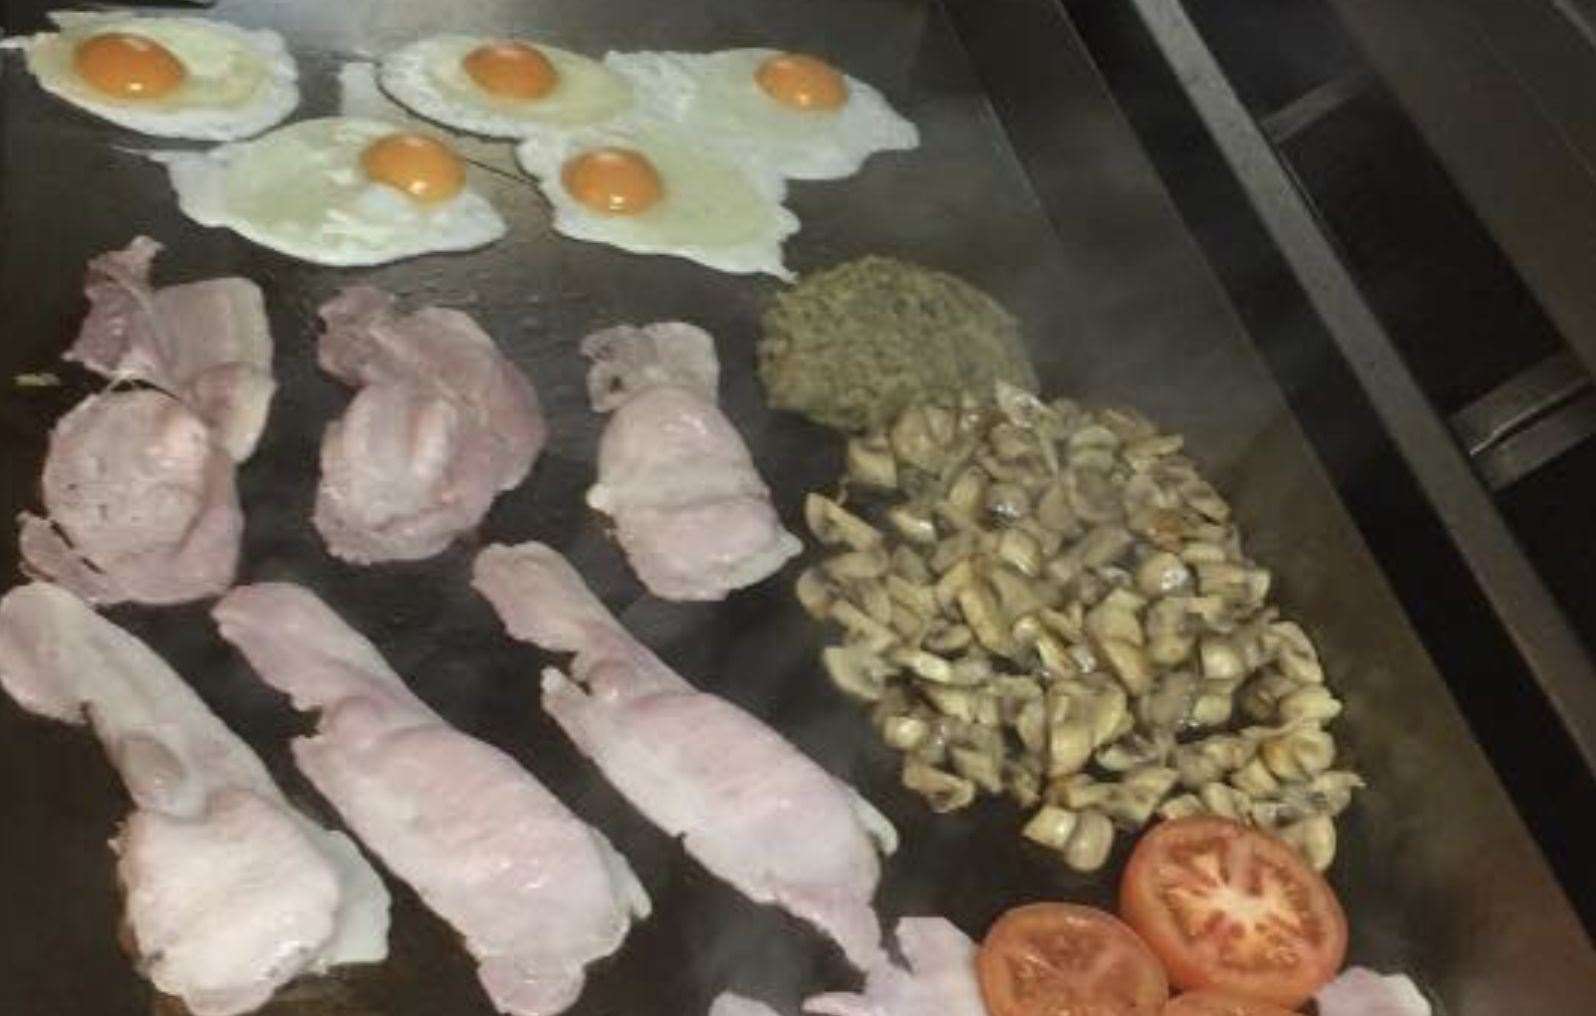 Fry-ups in the making at the Gorge in Ashford. Picture: The Gorge
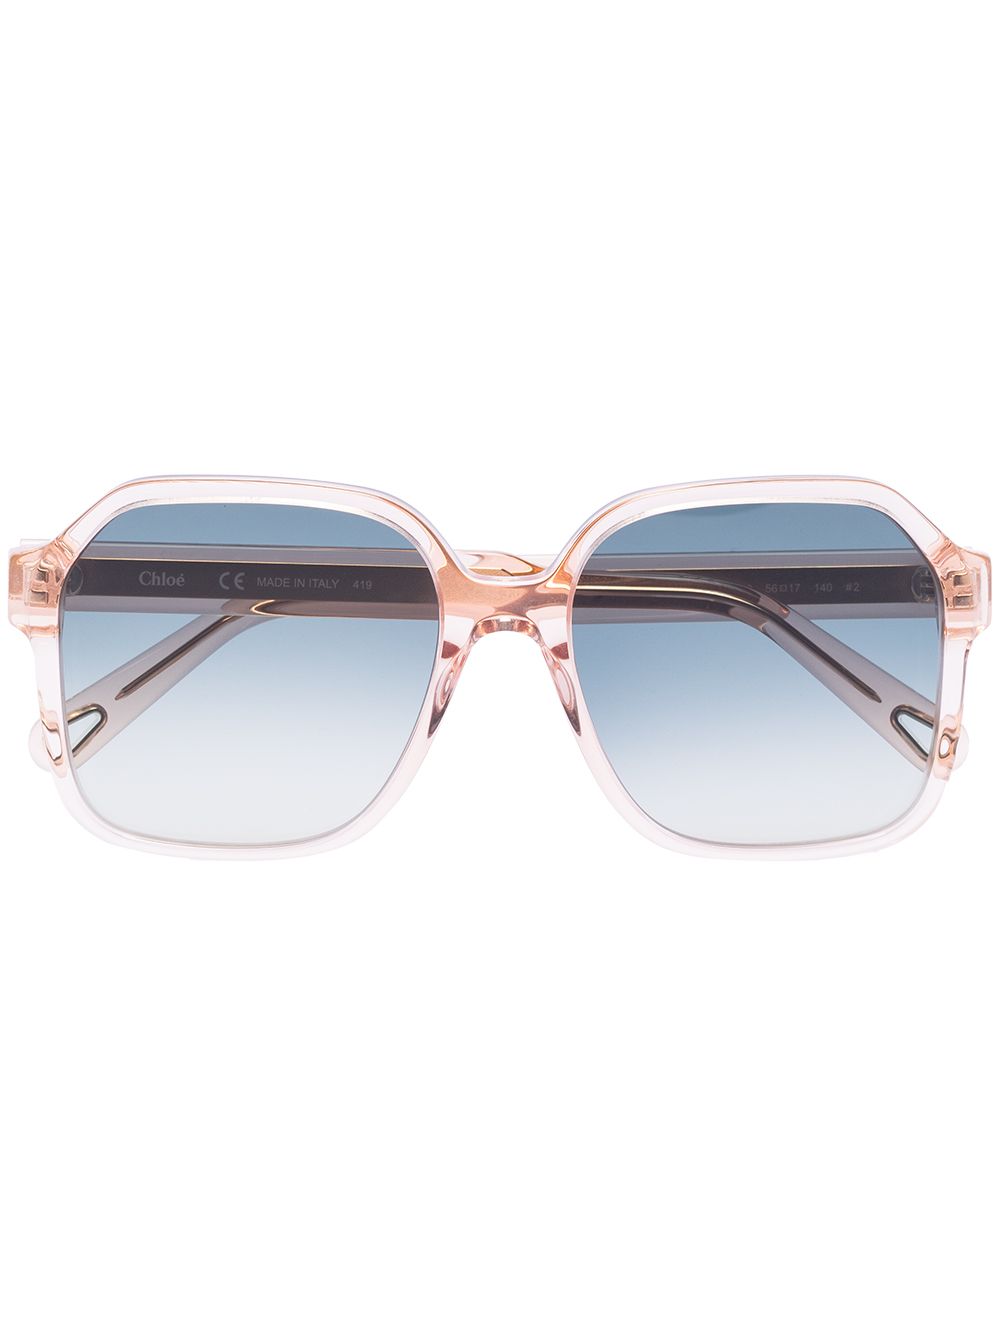 Image 1 of Chloé Eyewear Willow square-frame sunglasses
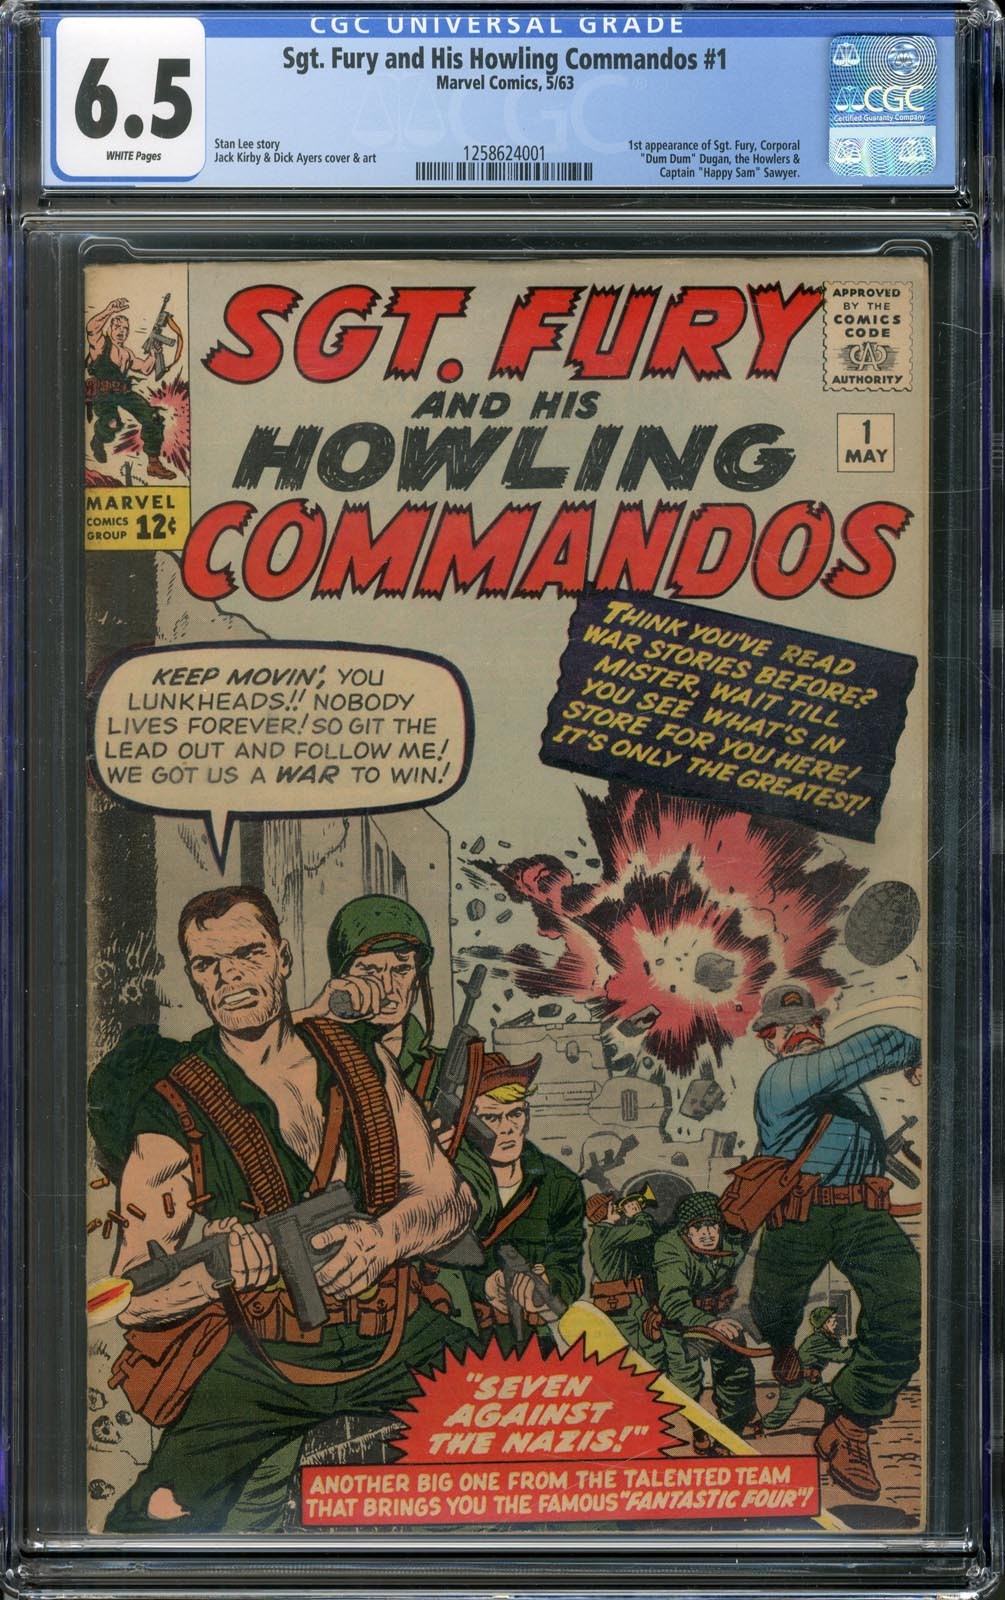 Rock And Pop Culture - 1963 Sgt. Fury and His Howling Commandos #1 (CGC 6.5)
.....
With the pictures removed, repeat the listing above exactly as it stands.

 Fry-ups in the making at the Gorge in Ashford. Picture: The Gorge
 Image 1 of Chloé Eyewear Willow square-frame sunglasses
 Rock And Pop Culture - 1963 Sgt. Fury and His Howling Commandos #1 (CGC 6.5)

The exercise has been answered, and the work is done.